In what appears to be good news last week was also newsworthy on the refugee front as Immigration Minister Scott Morrison announced that 150 children would be removed from immigration detention centres and placed on bridging visas in the community.
The 150 children to be released are under age 10 and arrived in Australia before July 19 last year.
However, this is in many ways not a good news story, for we should ask why Mr Morrison is not releasing children from offshore detention, which has been acknowledged as significantly affecting children's mental health.
Social justice law firm Maurice Blackburn said the government needed to expand its announcement to include all children and babies in detention, including those locked in offshore centres and babies born in mainland detention after July 19 last year.
''We welcome that the federal government has now recognised that detention is no place for babies and children,'' principal lawyer Jacob Varghese said.

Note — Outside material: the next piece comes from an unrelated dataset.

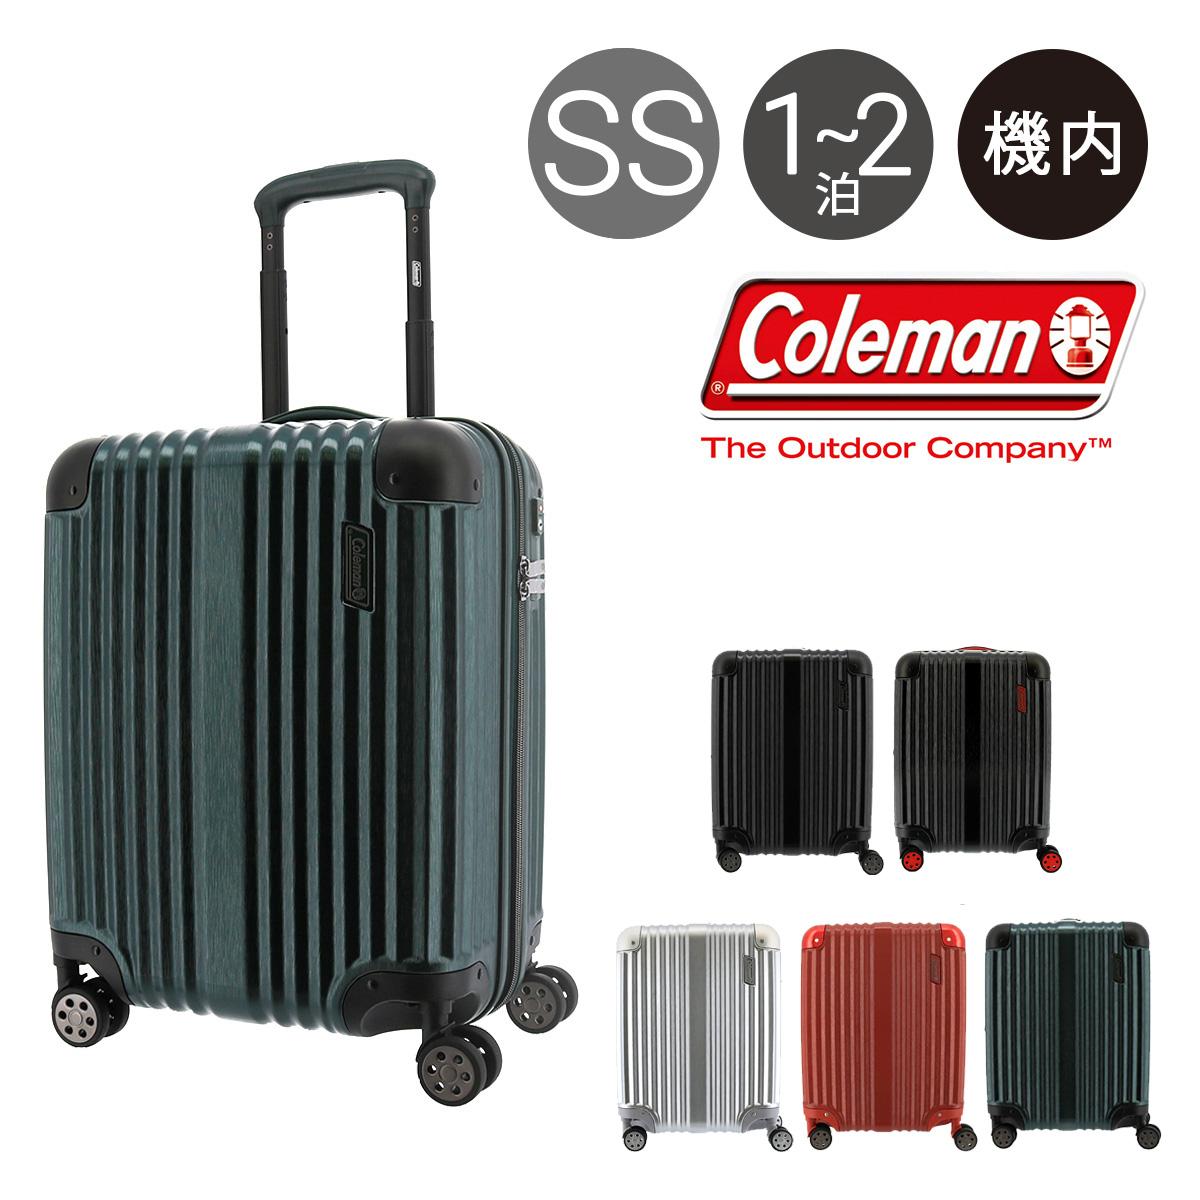 コールマン スーツケース|機内持ち込み 38L/46L 46cm 2.9kg 14-59|拡張 ハード ファスナー TSAロック搭載 キャリーケース [PO10][bef]
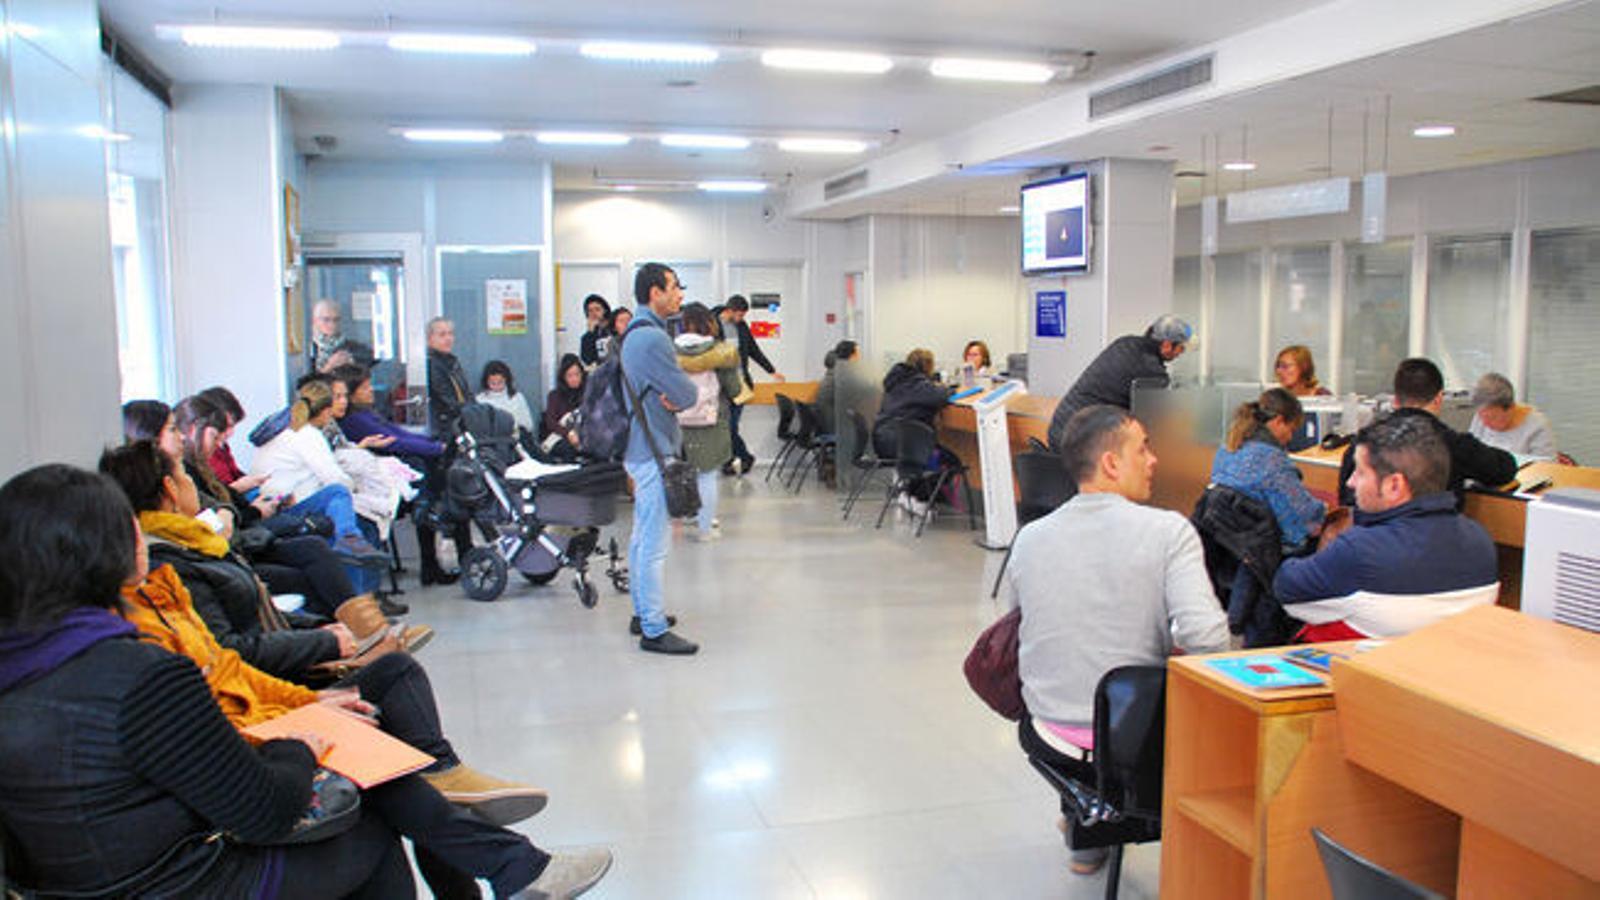 Temporers esperant el seu torn al servei d'immigració. / ARXIU ANA

''However, it's disappointing that the announcement explicitly excludes those children who have arrived in Australia after July 19, 2013.''
Mr Varghese said the government had overlooked the fact that children experienced serious trauma in detention irrespective of when they arrived in Australia.
Amnesty International said the government's plan to release up to 150 children was an admission children were harmed by being kept in detention.
The organisation said while the release of any children from detention was welcome, all children in the government's care should be released.
"We support the government's admission that mandatory detention is costly and damaging," Dr Graham Thorn, Refugee Co-ordinator for Amnesty International, said. "Given this has been acknowledged by the government, it must also release kids from detention on Nauru and Christmas Island and expand this announcement to include children over the age of 10."
Ironically, whilst Mr Morrison is still imprisoning most refugee children his PM, the self-styled Captain of Team Australia was quoted as saying: "Everyone has got to put this country, its interest, its values and its people first, and you don't migrate to this country unless you want to join our team."
It seems to me that defines the aspirations of most asylum seekers.